Now that remote work is being established, and it may be a way to repopulate small cities, the Government of Spain is preparing a law in which every home in Spain, possibly having to be registered as such in the cadastre; have the possibility of contracting 100 Mbps. And this will be guaranteed by law. With this, any town will be able to welcome the so-called digital nomads, the wandering workers who will be able to stay in rural houses instead of in expensive business hotels, and any house will be able to have the internet tools to have a minimum quality of life.

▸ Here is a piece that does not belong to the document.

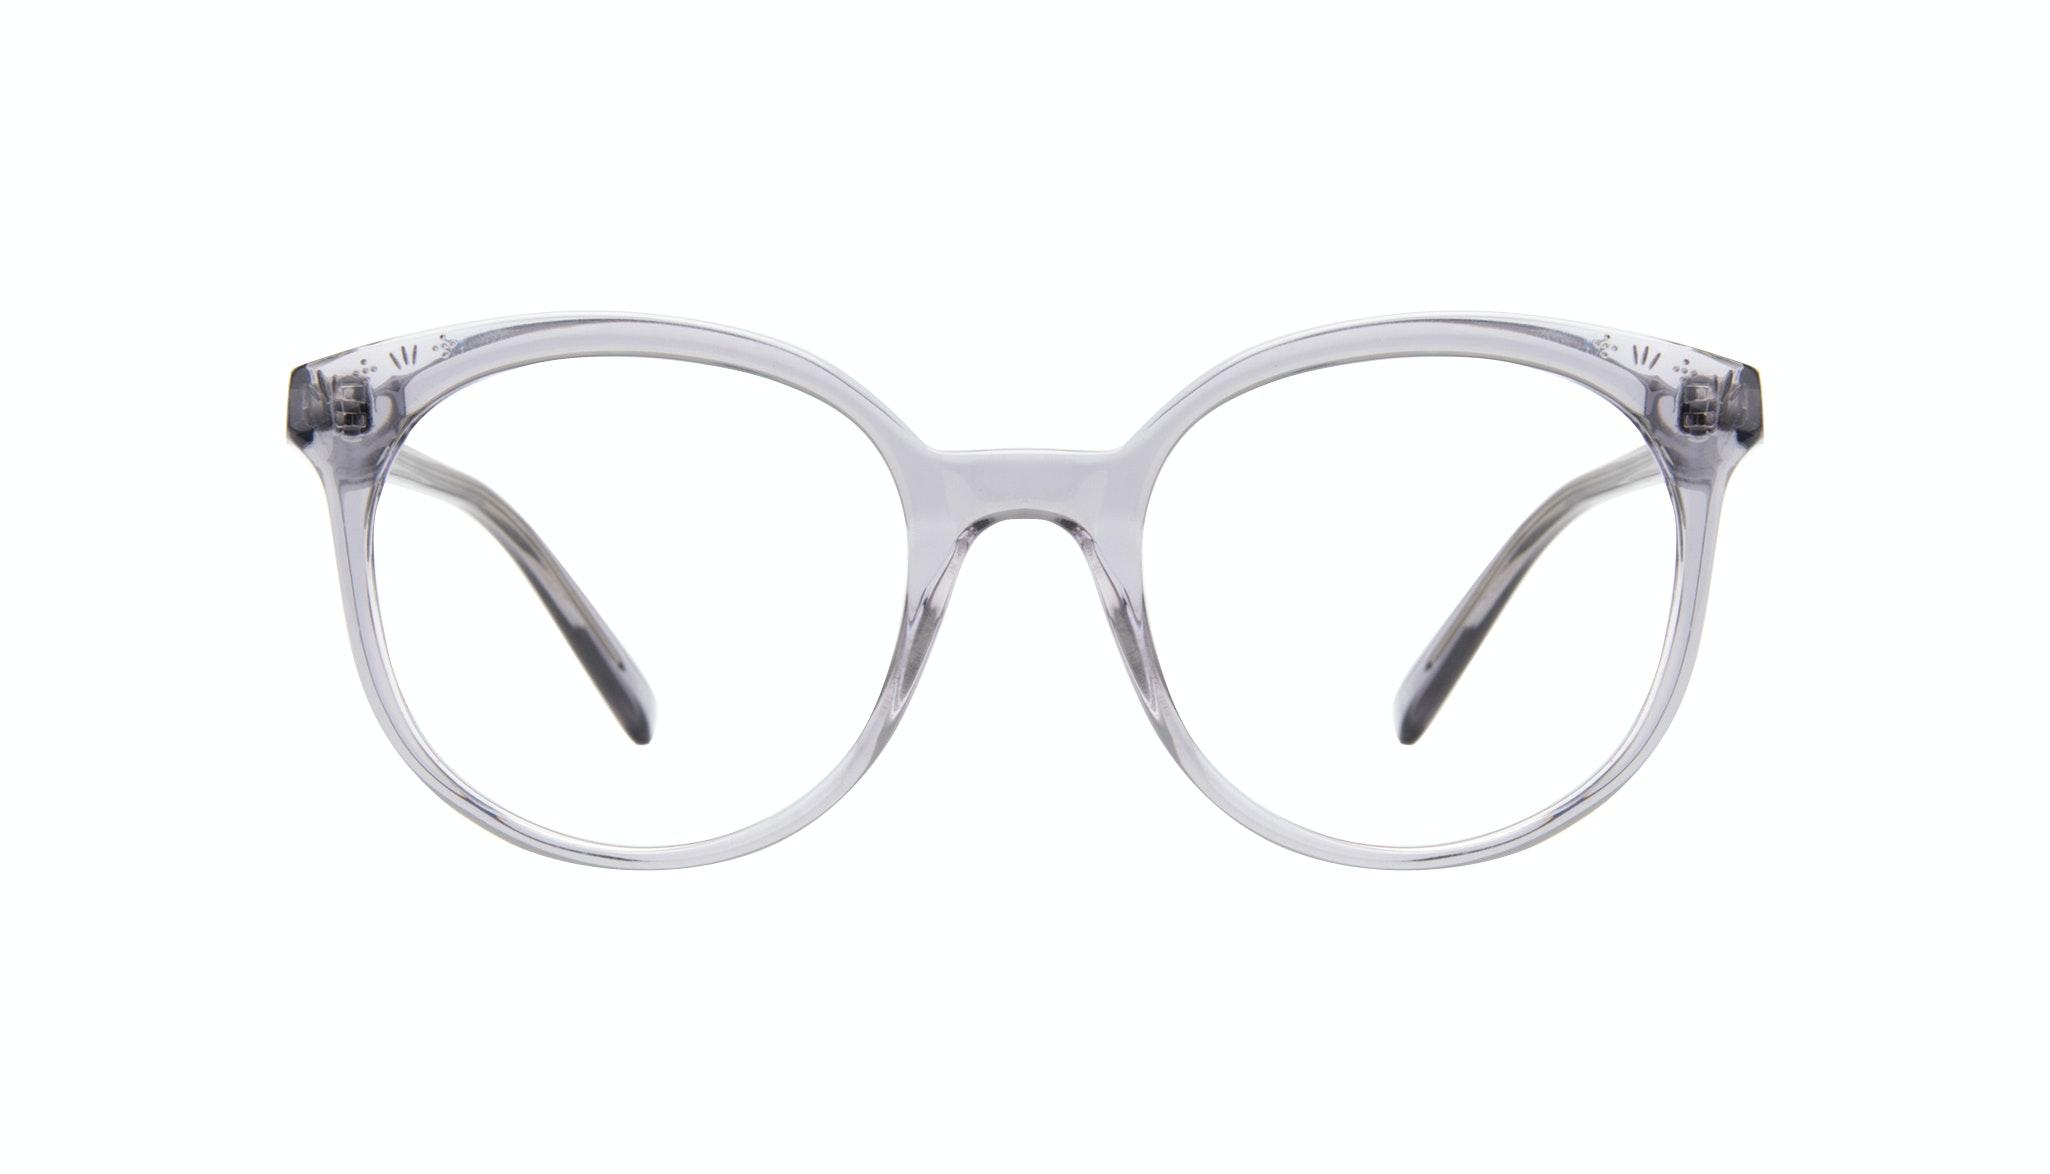 Affordable Fashion Glasses Round Eyeglasses Women Must Grey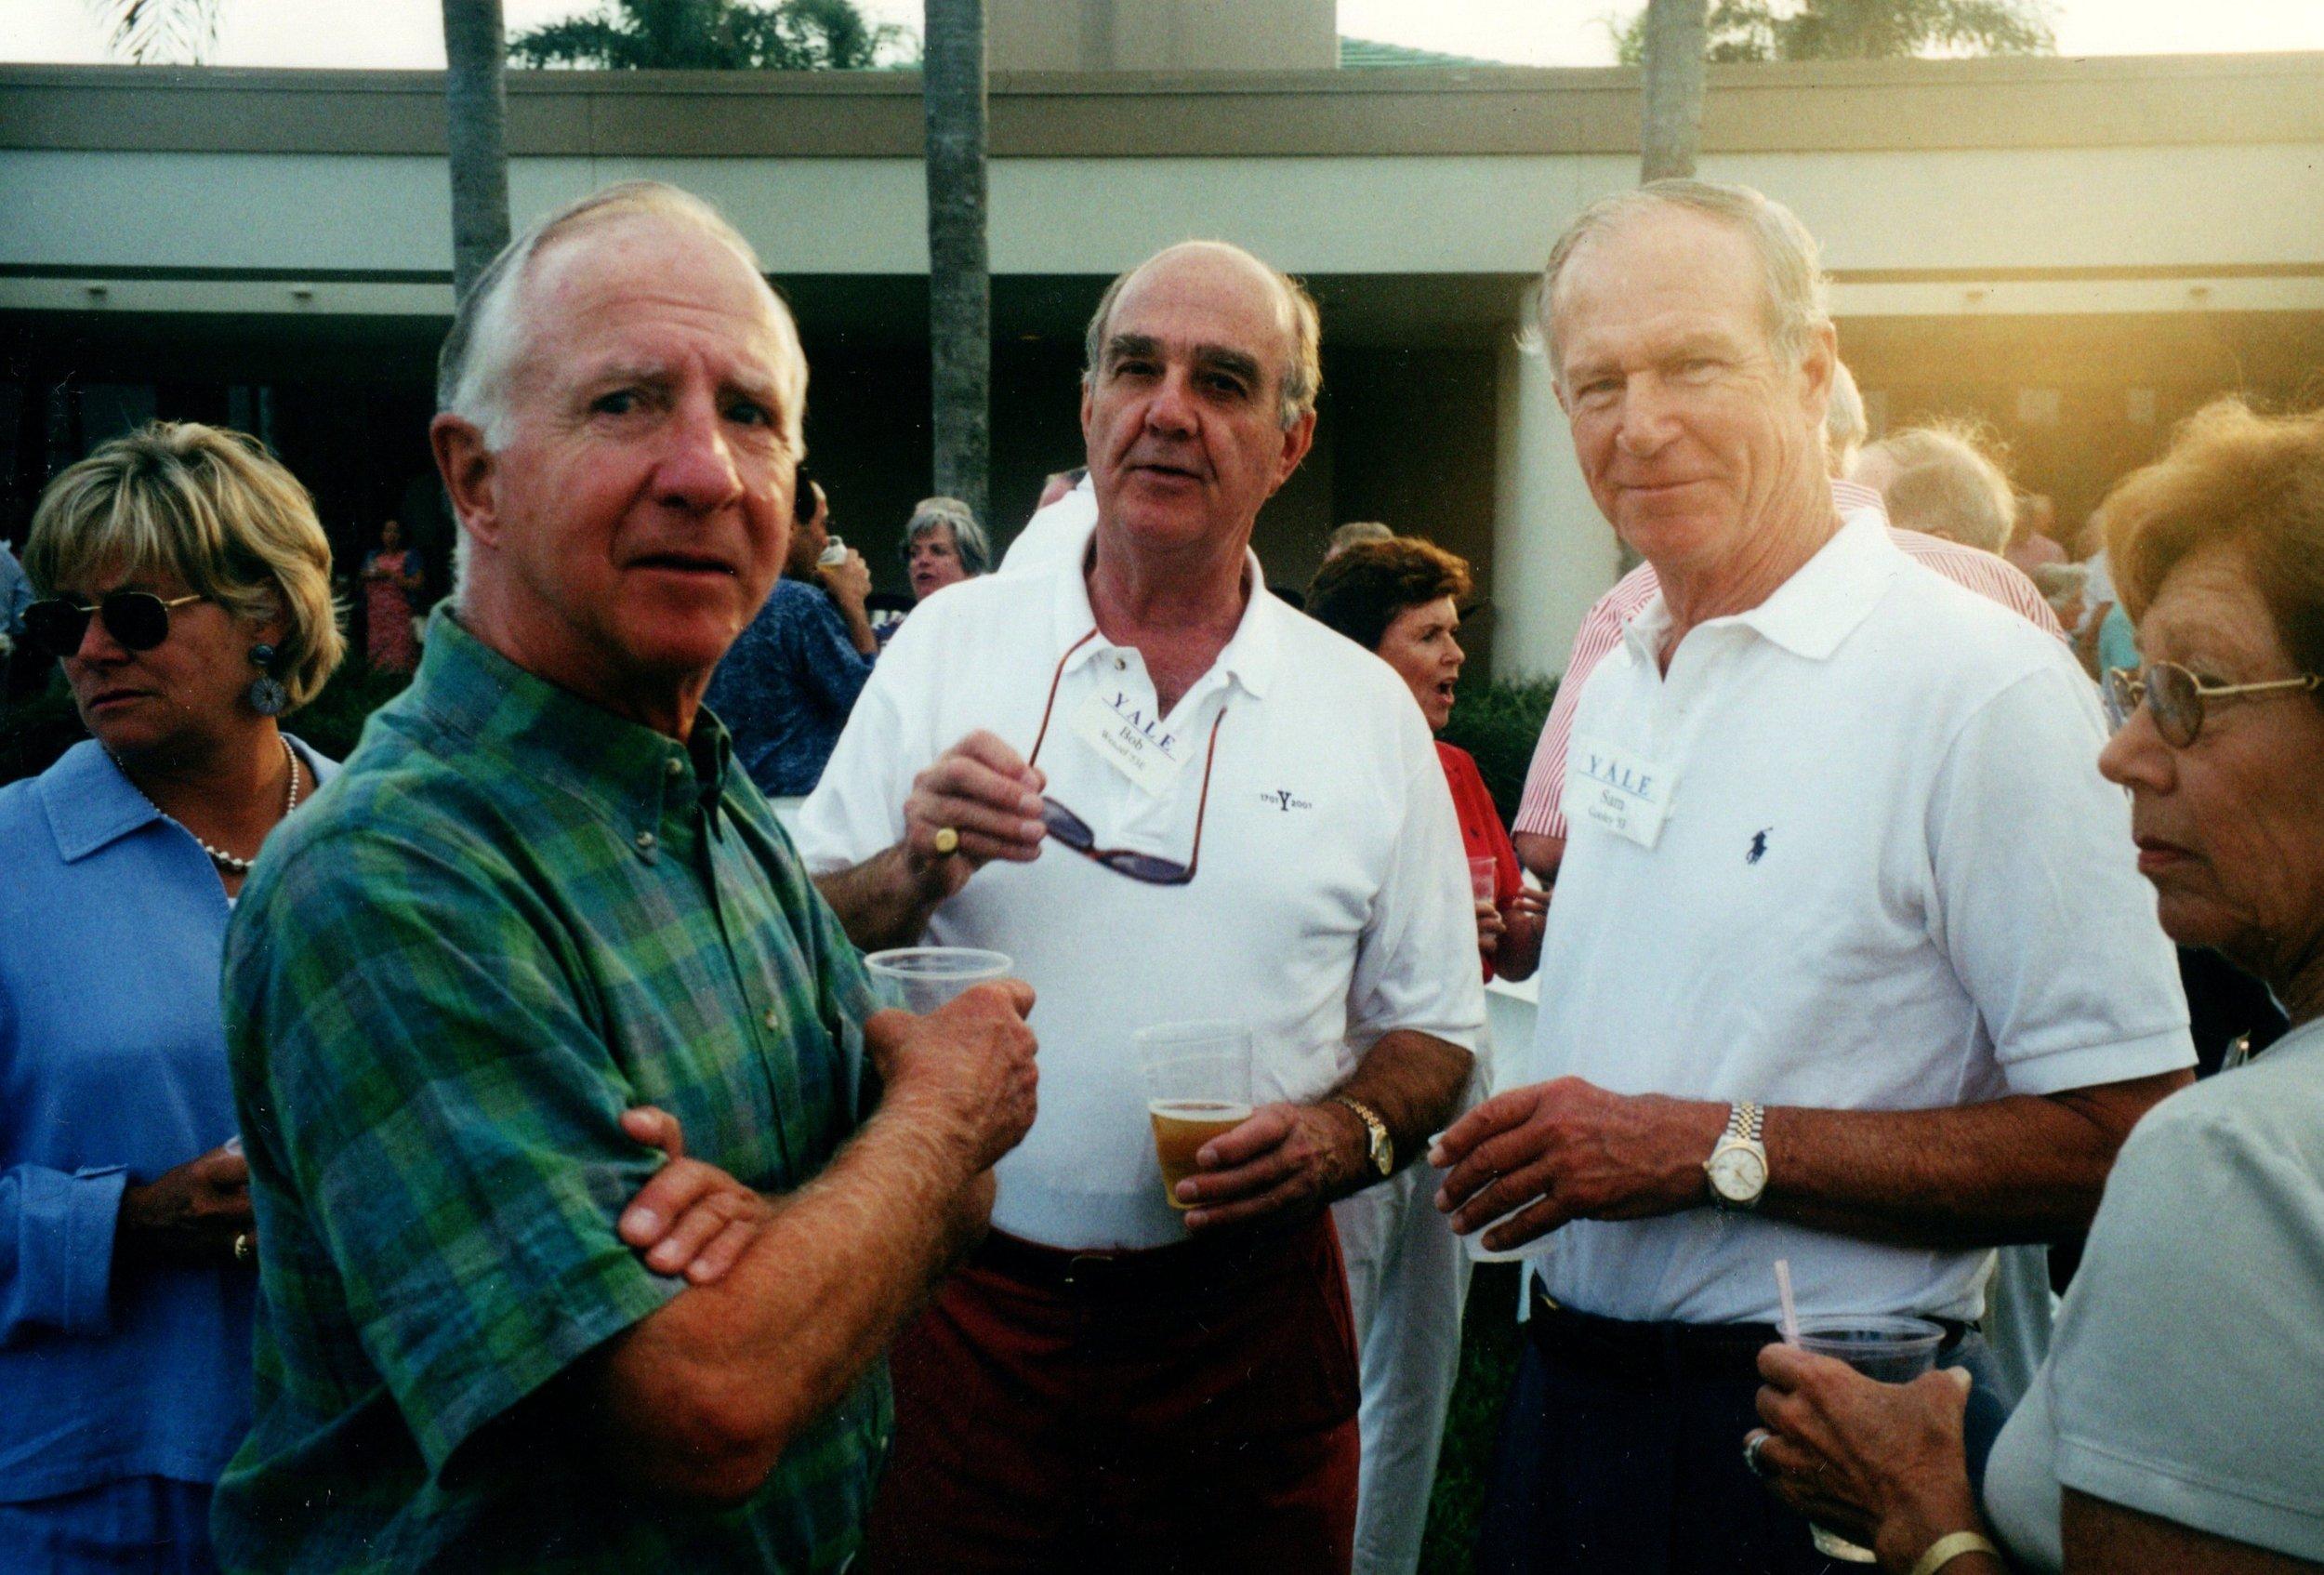 DON WILLIAMS, BOB WENZEL, SAM COOLEY

And this is how the internet is on a physical level, because we haven't started talking about the internet on the mobile. Although in its day SMS developed a way of writing to adapt to the scarce space of characters in each message because each message had costs, today SMS are in use relegated to receiving confirmation messages from banks, companies or official bodies so that it reaches our mobile phone without going through emails. When WhatsApp arrived, people gladly paid one euro a year because after sending ten messages, they have already sent more than they could with SMS. Today we have speeds with which we can watch streaming in 4K on a tablet, without cables.